Nvidia Inc. (NVDA) shares plunged after the chipmaker cautioned that quarterly revenues would fall far short of analysts forecasts following weaker-than-expected demand for its gaming and datacenter products and slowing growth in China.
Nvidia said sales for the three months ended on Jan. 27, its fiscal fourth quarter, would come in at $2.2 billion compared to earlier guidance of $2.7 billion.

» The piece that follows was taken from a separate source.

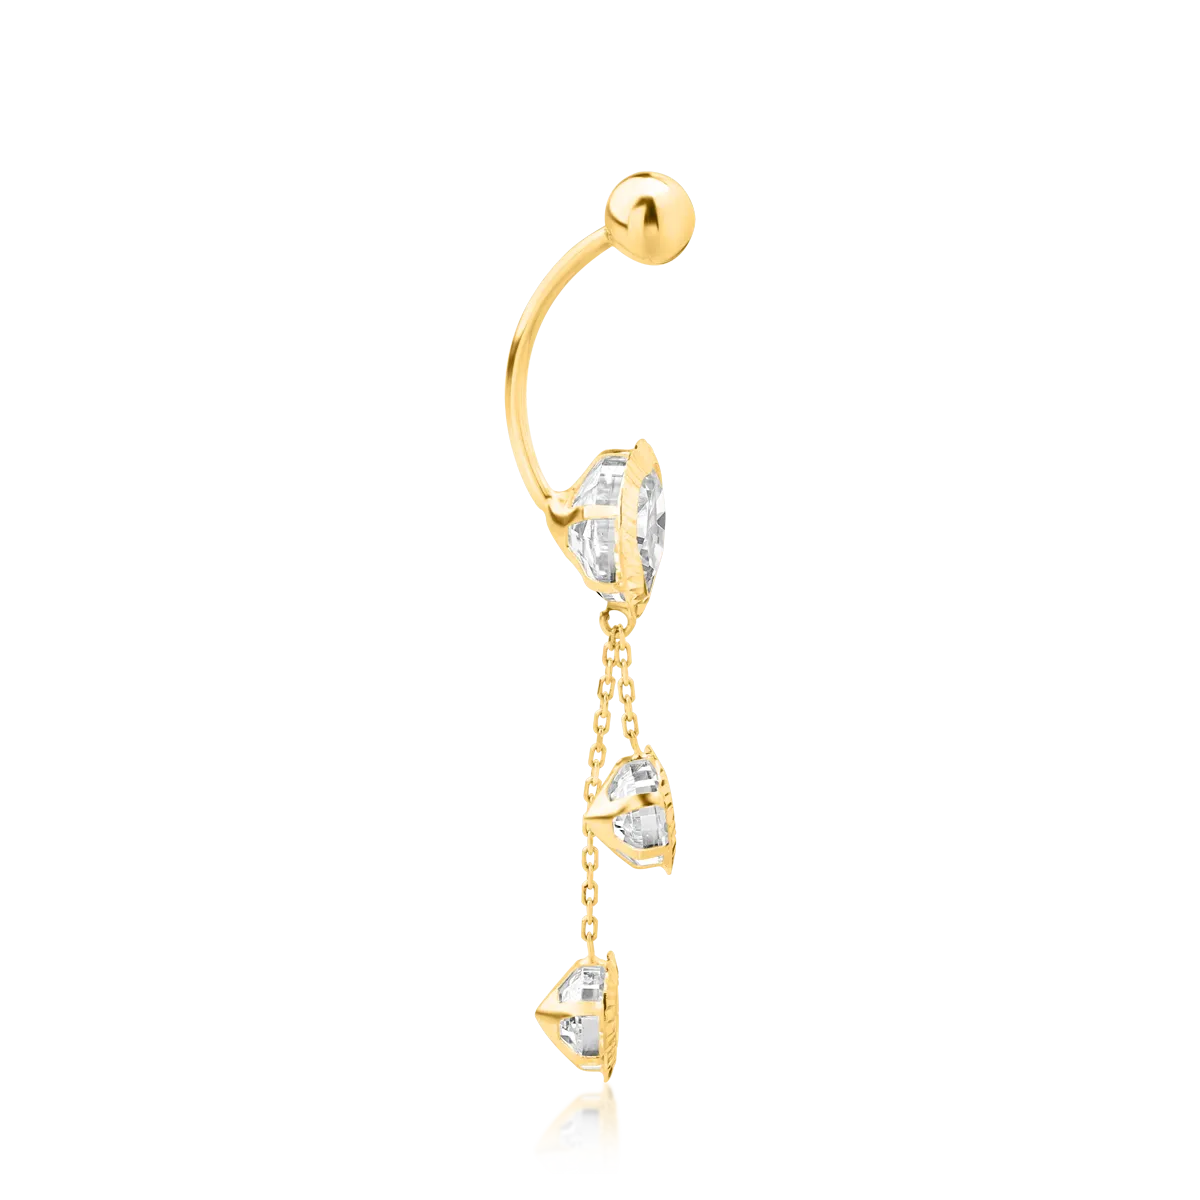 14K yellow gold belly-button piercing earring

The company also said GAAP and non-GAAP margins would be hit by charges of around $120 million, adding that after a number of deals for its latest Turing graphics chips failed to close over the final months of the year as customers potentially waited for lower prices and demonstrations of the technology in actual games.
"Q4 was an extraordinary, unusually turbulent, and disappointing quarter," said CEO Jensen Huang. "Looking forward, we are confident in our strategies and growth drivers."The foundation of our business is strong and more evident than ever - the accelerated computing model NVIDIA pioneered is the best path forward to serve the world's insatiable computing needs."
"The markets we are creating - gaming, design, HPC, AI and autonomous vehicles -are important, growing and will be very large," Huang added. "We have excellent strategic positions in all of them."
The specific citation of China as the catalyst for the revenue warning follows similar caution from Caterpillar (CAT) earlier in the session after the industrial equipment maker posted its biggest quarterly earnings miss in a decade and said 2019 profits would like fall short of analysts's forecasts.
"Our outlook assumes a modest sales increase based on the fundamentals of our diverse end markets as well as the macroeconomic and geopolitical environment. We will continue to focus on operational excellence, including cost discipline, while investing in expanded offerings and services to drive long-term profitable growth," CEO Jim Jim Umpleby said.
Caterpillar shares fell 9.1% to $124.37, trimming the stock's three-month gain to about 10% and valuing the Peoria, Ill.-based Dow component at about $73 billion.